Segundo relatos ao Valor, Guimarães chegou otimista ao dia da votação, cumpriu agendas no Planalto pela manhã e só foi ao Senado no fim da tarde, depois da Ordem do Dia. A proposta, bandeira de campanha de Luiz Inácio Lula da Silva (PT) a menos de um mês do primeiro turno, ficou para depois de 4 de outubro, sob o argumento de evitar uso eleitoral.
Oposição esvaziou o plenário
A Exame e a Agência Brasil descrevem a leitura da liderança governista: o líder Randolfe Rodrigues (PT-AP) disse a Alcolumbre que o mapa tinha no máximo 54 votos, sem segurança para os 49 necessários em dois turnos. Com o plenário esvaziado, Randolfe atribuiu a manobra a Flávio Bolsonaro (PL-RJ) e ao líder da oposição, Rogério Marinho (PL-RN).
Auxiliares admitem que a resistência da oposição era previsível e que cabia à articulação neutralizá-la antes da sessão. A PEC 6x1 era uma das três prioridades do esforço concentrado, ao lado da MP que acabou com a taxa das blusinhas (aprovada) e da PEC da Segurança Pública (travada em destaques na CCJ).

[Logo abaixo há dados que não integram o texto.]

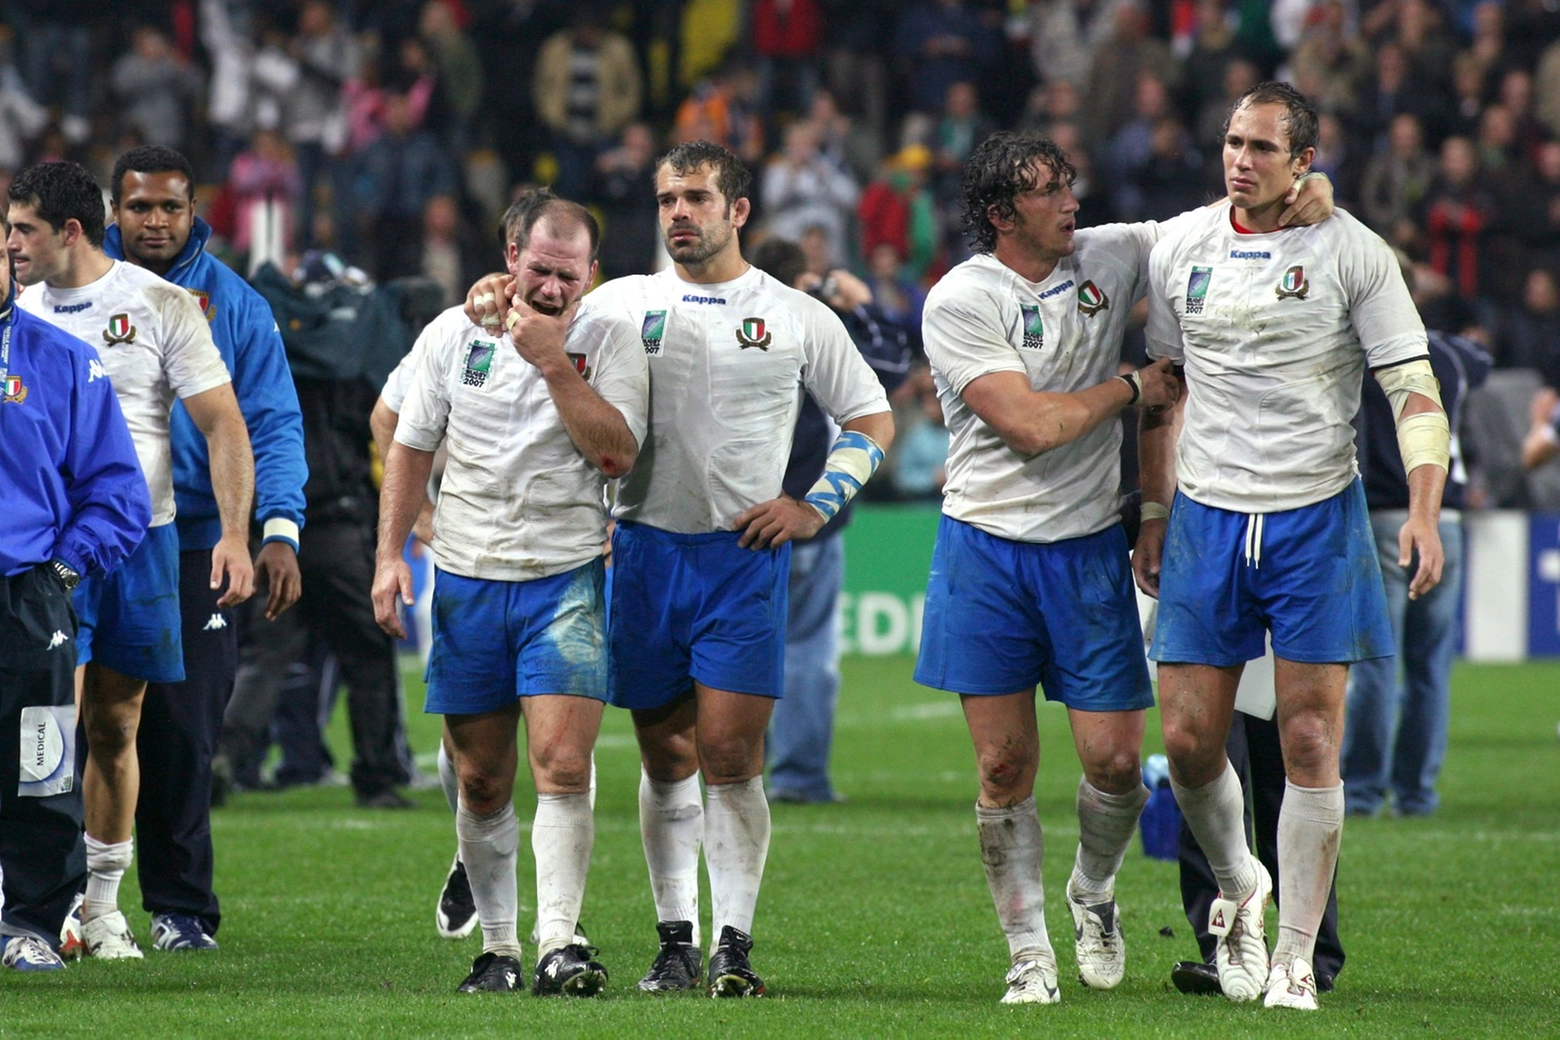 La grande delusione azzurra dopo sconfitta con la Scozia nella RWC 2007 a Saint Etienne. Nella foto Troncon, Ongaro, Mauro Bergamasco e Parisse (Diego Forti)

Viagens e silêncio no sábado
O Valor nota que na quinta (3) Guimarães passou o dia fora do Planalto e do Congresso, e na sexta (4) foi a agenda de campanha com Lula no Ceará. As viagens frequentes também geram ressalvas. Procurado, o ministro não se manifestou sobre as críticas. Neste sábado (5), comemorou em mensagem os avanços da semana e agradeceu Alcolumbre e Hugo Motta (Republicanos-PB) pela parceria.